Question

Evaluate the integral \[ \int_0^{\frac{\pi}{2}} \log \left( \frac{5 + 4 \sin x}{5 + 4 \cos x} \right) \, dx \]

• A. 0
• B. 2
• C. -2
• D. \( \frac{3}{4} \)

Hint:

When evaluating integrals involving symmetric functions, look for patterns or symmetries that can simplify the calculations, such as sine and cosine functions over symmetric intervals.

Answer 1

The Correct Option is A

Step 1: Use the property of logarithms.
We start by simplifying the given integral. Using the property of logarithms \( \log \left( \frac{a}{b} \right) = \log a - \log b \), we can rewrite the integrand:
\[ \int_0^{\frac{\pi}{2}} \left( \log(5 + 4 \sin x) - \log(5 + 4 \cos x) \right) \, dx \]

Step 2: Split the integral.
Now, we split the integral into two parts:
\[ \int_0^{\frac{\pi}{2}} \log(5 + 4 \sin x) \, dx - \int_0^{\frac{\pi}{2}} \log(5 + 4 \cos x) \, dx \]
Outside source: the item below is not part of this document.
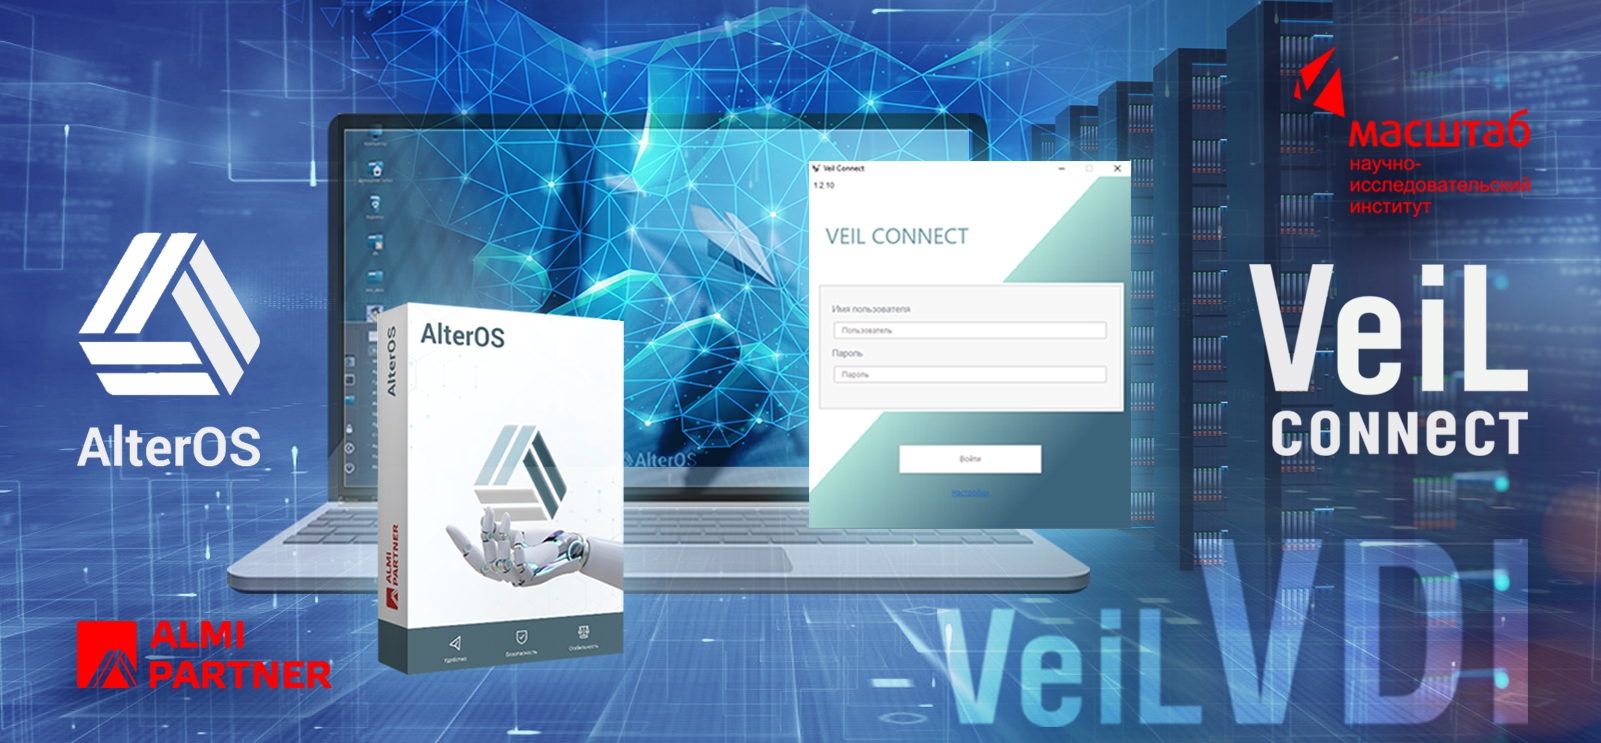 Подтверждена совместимость платформы виртуализации рабочих столов VeiL VDI с отечественной операционной системой AlterOS

Step 3: Symmetry of the integral.
Notice that the integrals are symmetric with respect to sine and cosine. In fact, by the symmetry of the interval \( [0, \frac{\pi}{2}] \), we know that:
\[ \int_0^{\frac{\pi}{2}} \log(5 + 4 \sin x) \, dx = \int_0^{\frac{\pi}{2}} \log(5 + 4 \cos x) \, dx \]

Step 4: Conclusion.
Since both integrals are equal, we subtract them:
\[ \int_0^{\frac{\pi}{2}} \log(5 + 4 \sin x) \, dx - \int_0^{\frac{\pi}{2}} \log(5 + 4 \cos x) \, dx = 0 \]

Step 5: Final Answer.
Therefore, the value of the integral is \( 0 \).